Wiji Thukul yang Biasa Saja

get

Ternyata Wiji Thukul bukan seperti penyair yang kubayangkan sebelumnya.

Empat-lima kali kudengar dan kubaca puisi Wiji Thukul. Wih, penuh gelora! Membikin berapi-api dan menegakkan bulu kuduk. Katanya, apa-apa yang dia tulis membuat sekeliling meledak-ledak walau ia tak menenteng granat dan mengokang laras panjang. Ganas menusuk menikam tanpa ampun. Pikirku dia memang orang sakti.

Tapi Wiji Thukul yang kulihat malam tadi adalah Wiji Thukul yang biasa-biasa saja. Kuperhatikan dia baik-baik, kutikamkan mata padanya lekat-lekat. Badannya kurus bagai kurang gizi. Rambutnya keriting megar serasa ingin kubabat sampai plontos. Tampilannya kumal, tanpa daya tarik. Makanya aku masih heran, kenapa orang seperti ini begitu diburu. Toh kelihatannya ia tanpa gairah, tanpa hasrat, tanpa renjana.

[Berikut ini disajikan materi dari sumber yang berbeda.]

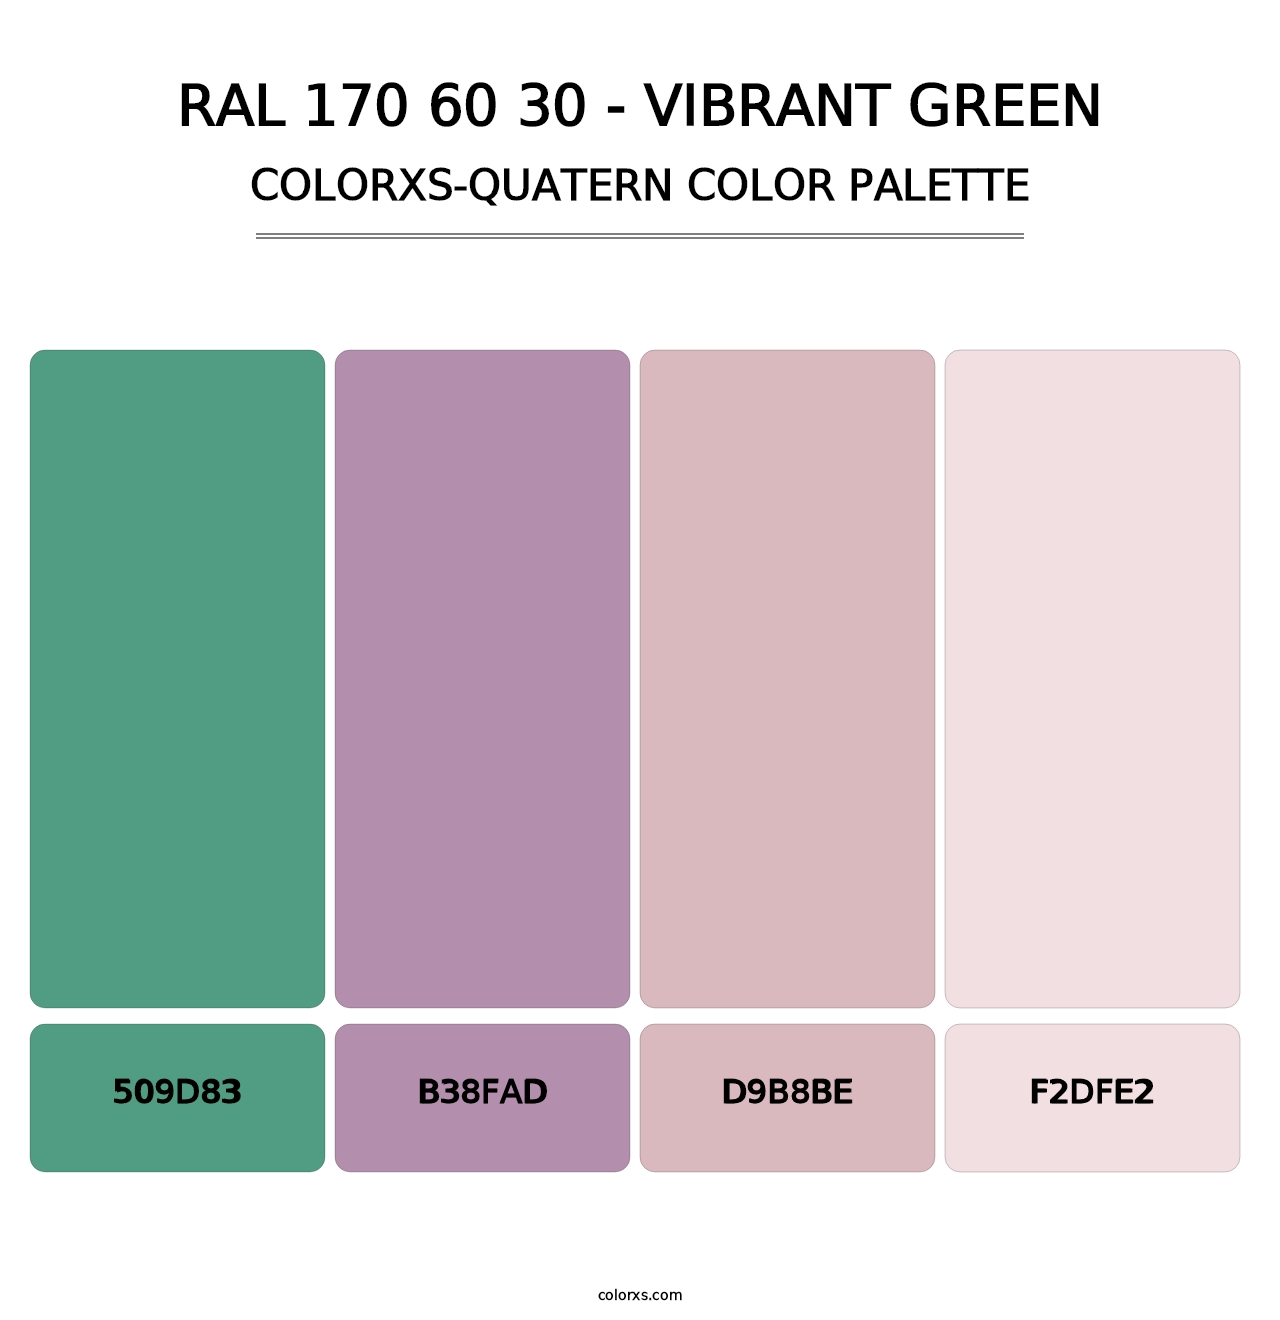 RAL 170 60 30 - Vibrant Green - Colorxs Quatern Palette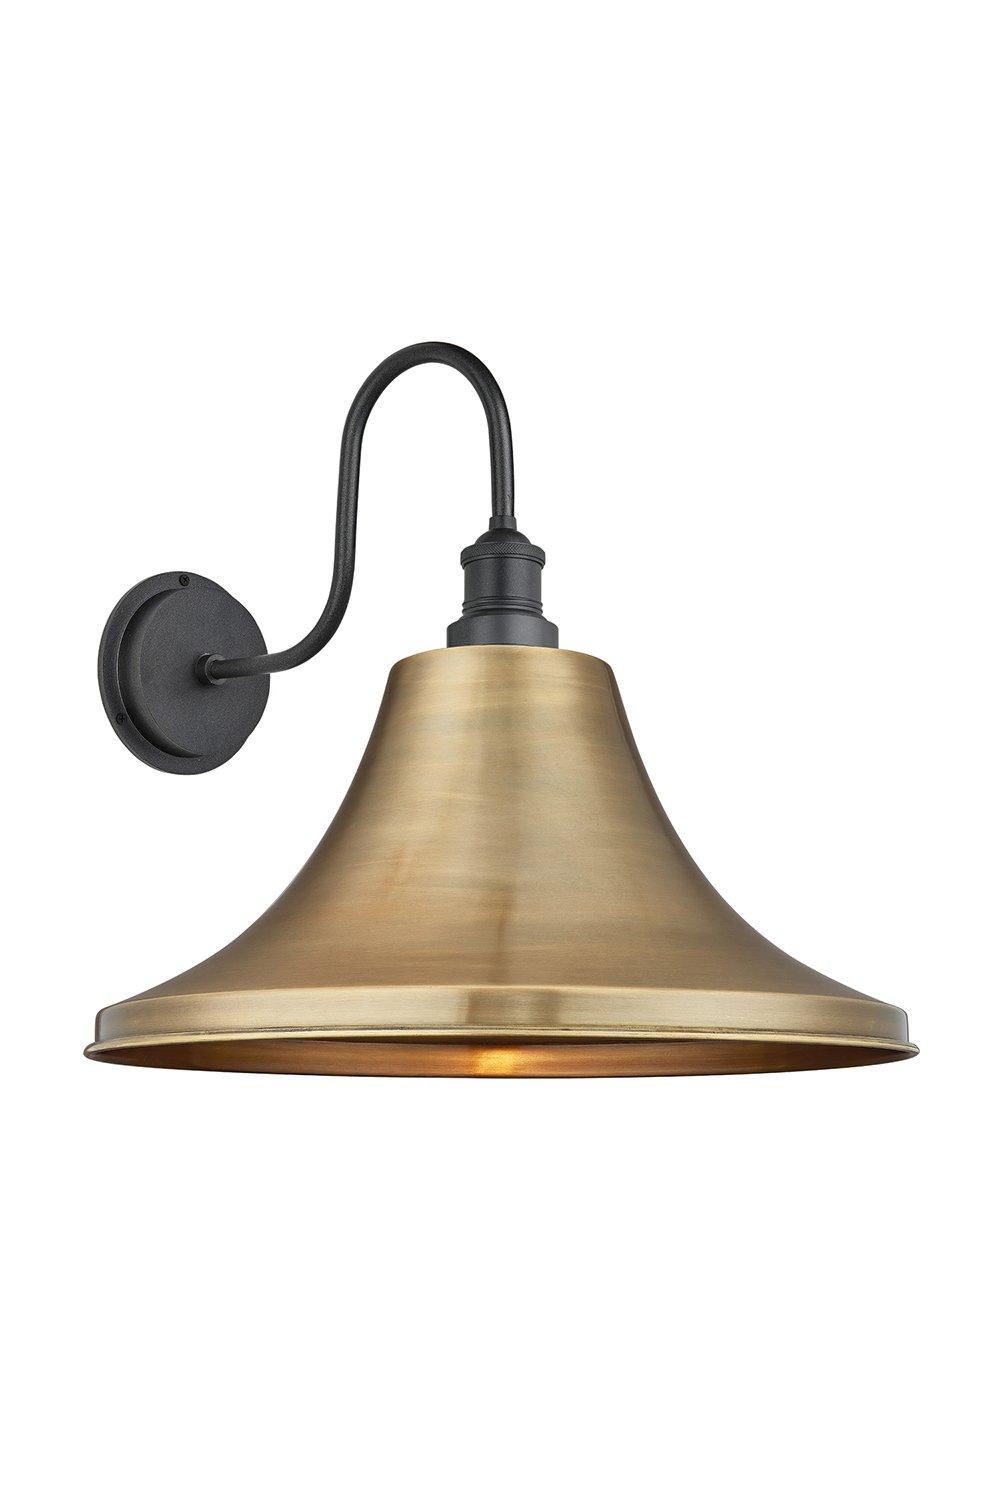 Swan Neck Outdoor & Bathroom Giant Bell Wall Light, 20 Inch, Brass, Pewter Holder, Globe Glass

“Istirahatlah Kata-kata” bisa disebut sebagai keganjilan seorang Wiji Thukul. Film ini mengambil latar tempat dan waktu saat ia melarikan diri ke Pontianak. Periode ini sebenarnya cukup krusial dalam sejarah hidup Wiji Thukul. Ini adalah kali pertama ia dinyatakan sebagai tersangka. Namun ternyata, semenggebu-gebu apa pun kejaran yang dialamatkan padanya, cerita ini cenderung sunyi tanpa gejolak. Kesunyian yang selayaknya bukan menjadi bagian dari seorang yang menjadikan kata-kata sebagai ujung tombak perjuangannya.

Lantas kalau kata-kata kehilangan suaranya, apa lagi yang bisa ia perbuat?

Mengharapkan aksi-aksi heroik, fragmen-fragmen demonstrasi dan pekikan orasi sama dengan mengharapkan yang tak pernah ada di film ini. Kehidupan Thukul dalam pelariannya di Pontianak adalah kehidupan yang biasa. Makan, tidur, minum kopi, bengong, cangkruk dengan teman, duduk-duduk di teras, main kartu, ngebir, kangen istri, mencari oleh-oleh, keluar malam buat beli tuak.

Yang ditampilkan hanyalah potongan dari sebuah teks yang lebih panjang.